## Material provided
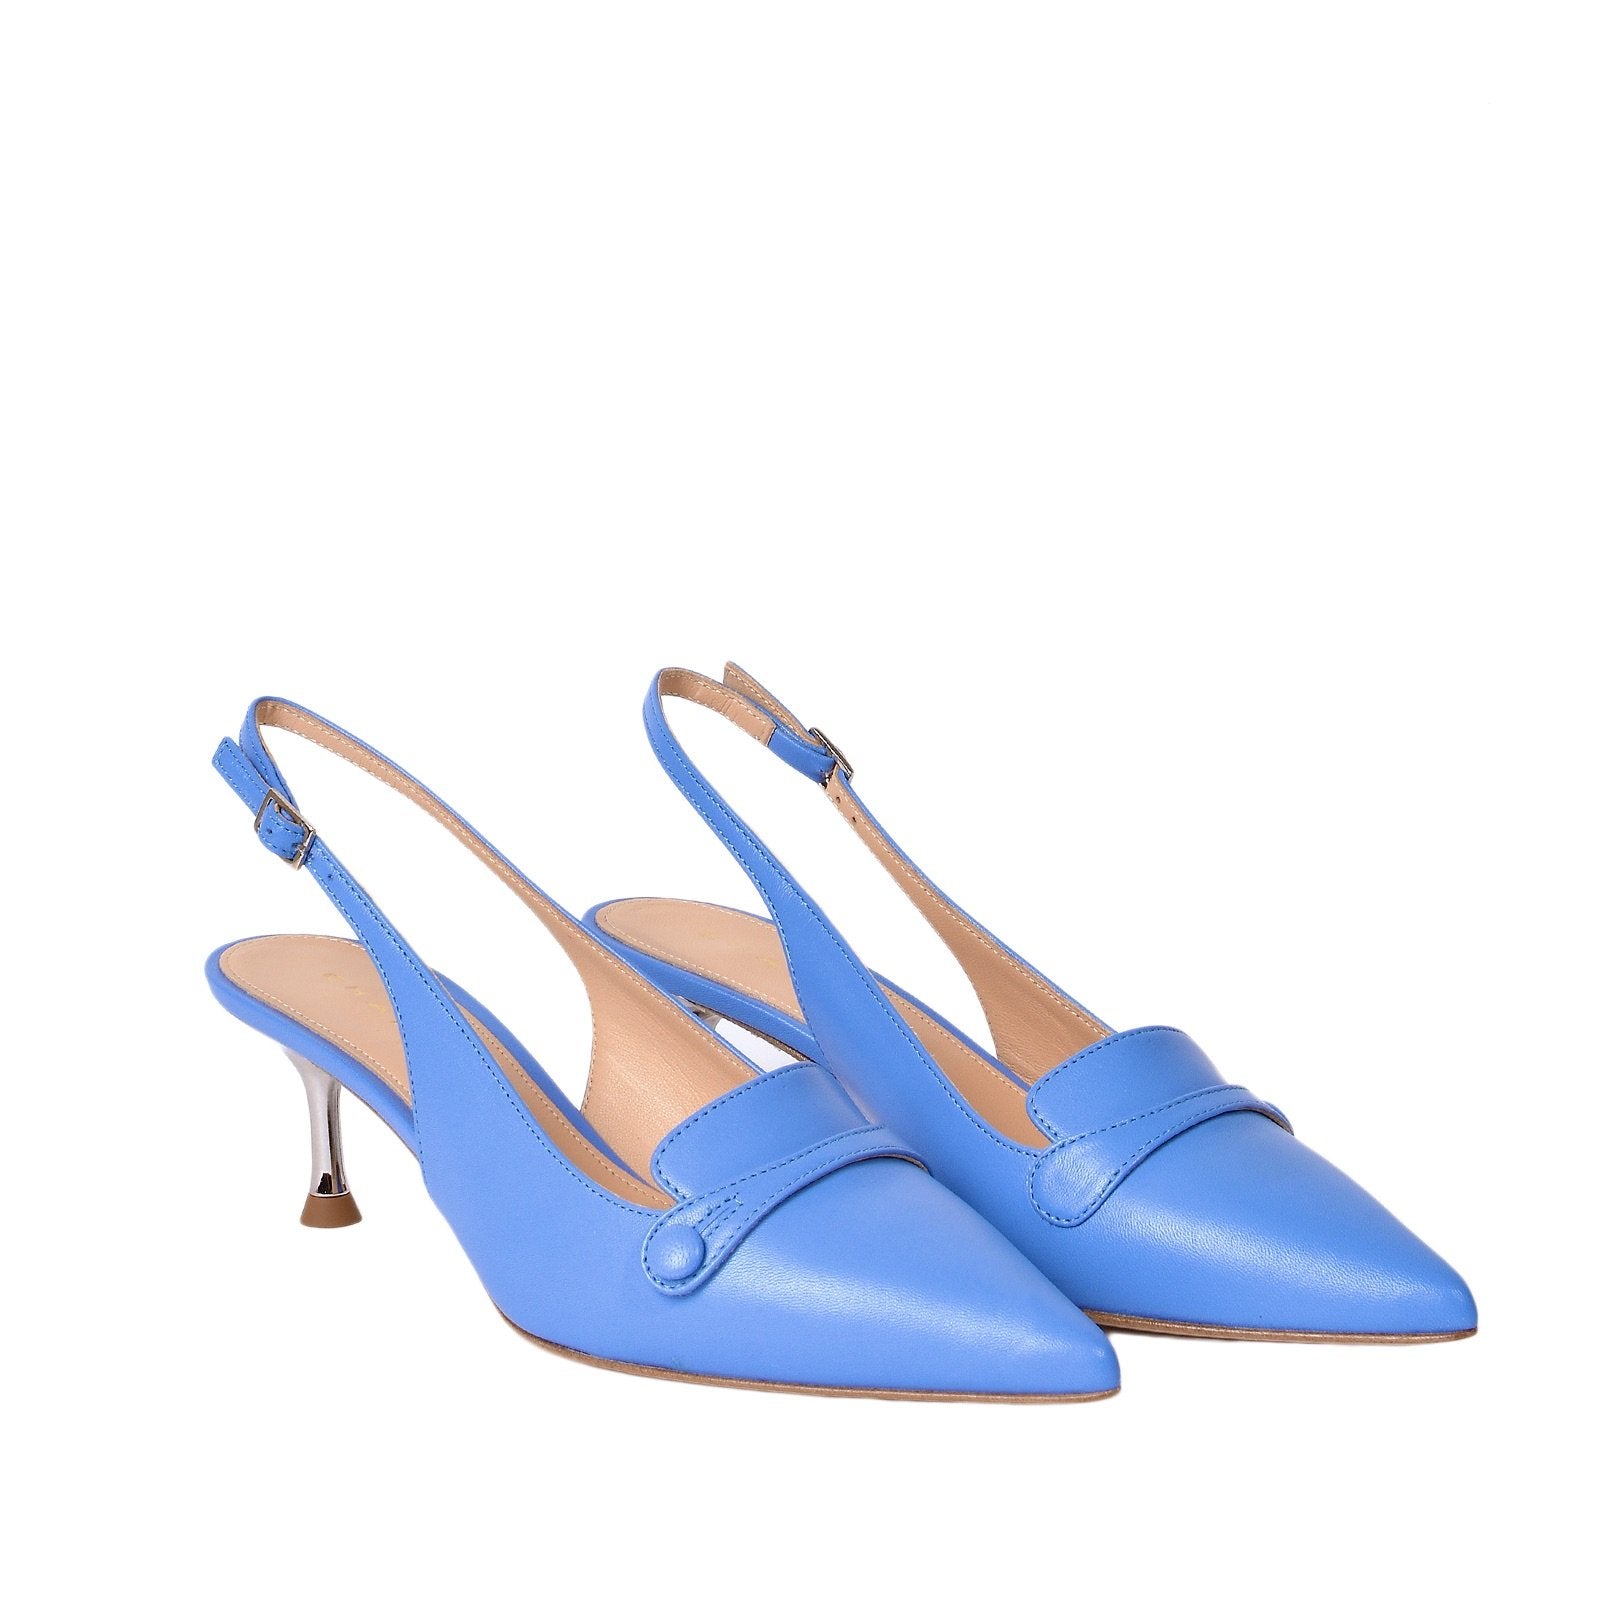 Chiffon Sling Back Shoes In Light Blue Heels 1002/Blue - 3
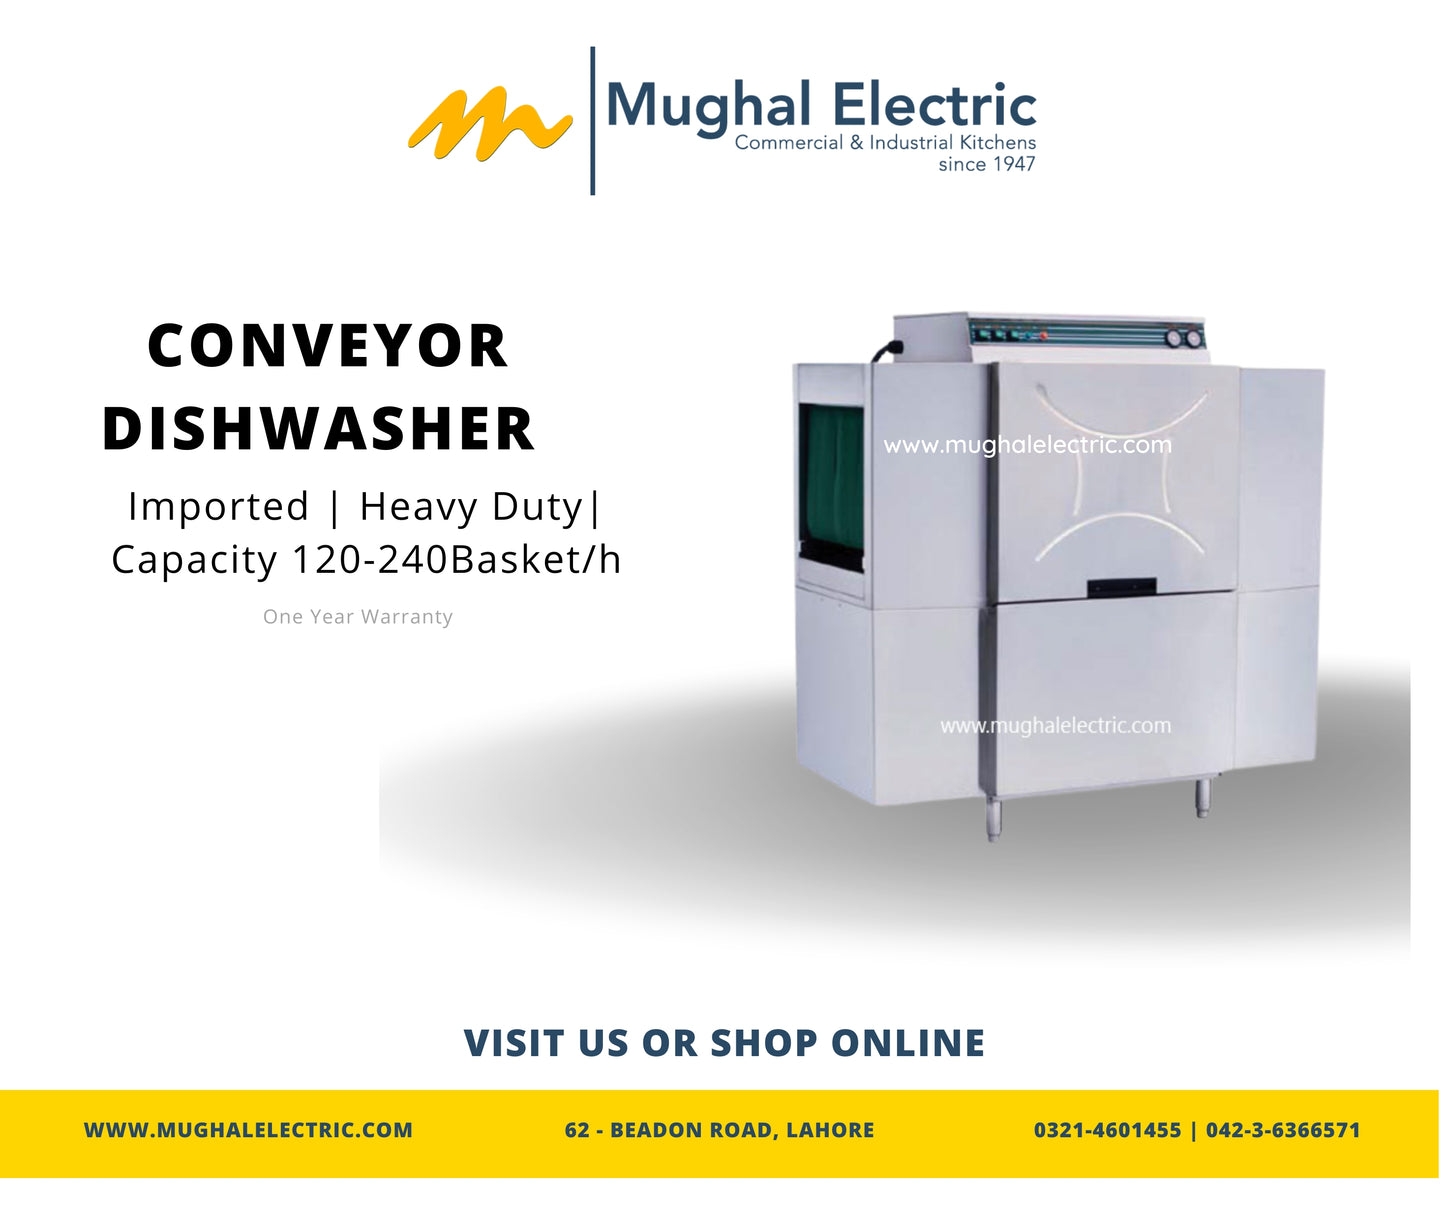 Electric Conveyor Dishwasher
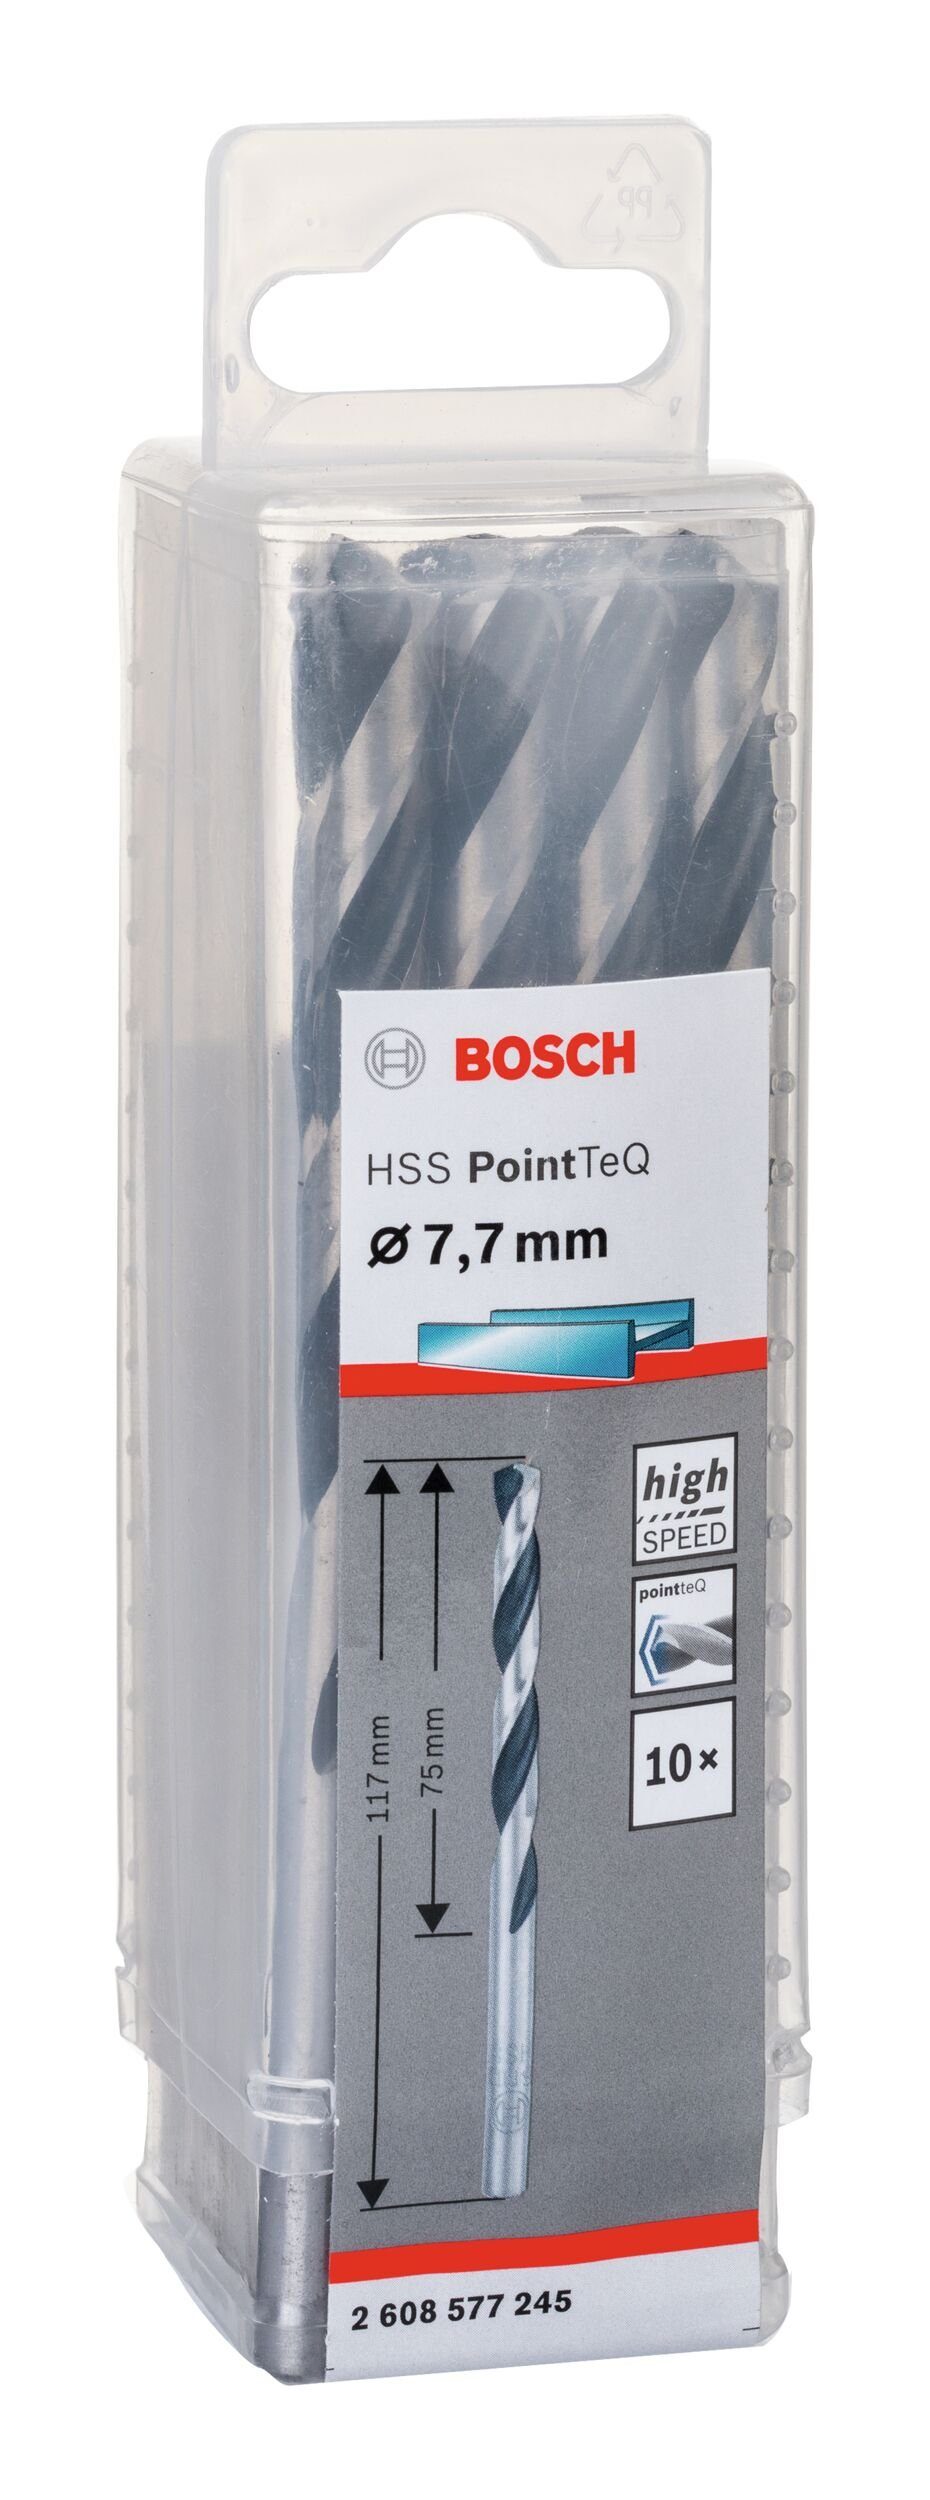 mm HSS - BOSCH (DIN 7,7 - 338) Metallbohrer, (10 Metallspiralbohrer 10er-Pack Stück), PointTeQ

## What the task asks
Leave the images out and give the rest of the data again exactly.

## Answer to the exercise
 Chiffon Sling Back Shoes In Light Blue Heels 1002/Blue - 3
 Electric Conveyor Dishwasher
 mm HSS - BOSCH (DIN 7,7 - 338) Metallbohrer, (10 Metallspiralbohrer 10er-Pack Stück), PointTeQ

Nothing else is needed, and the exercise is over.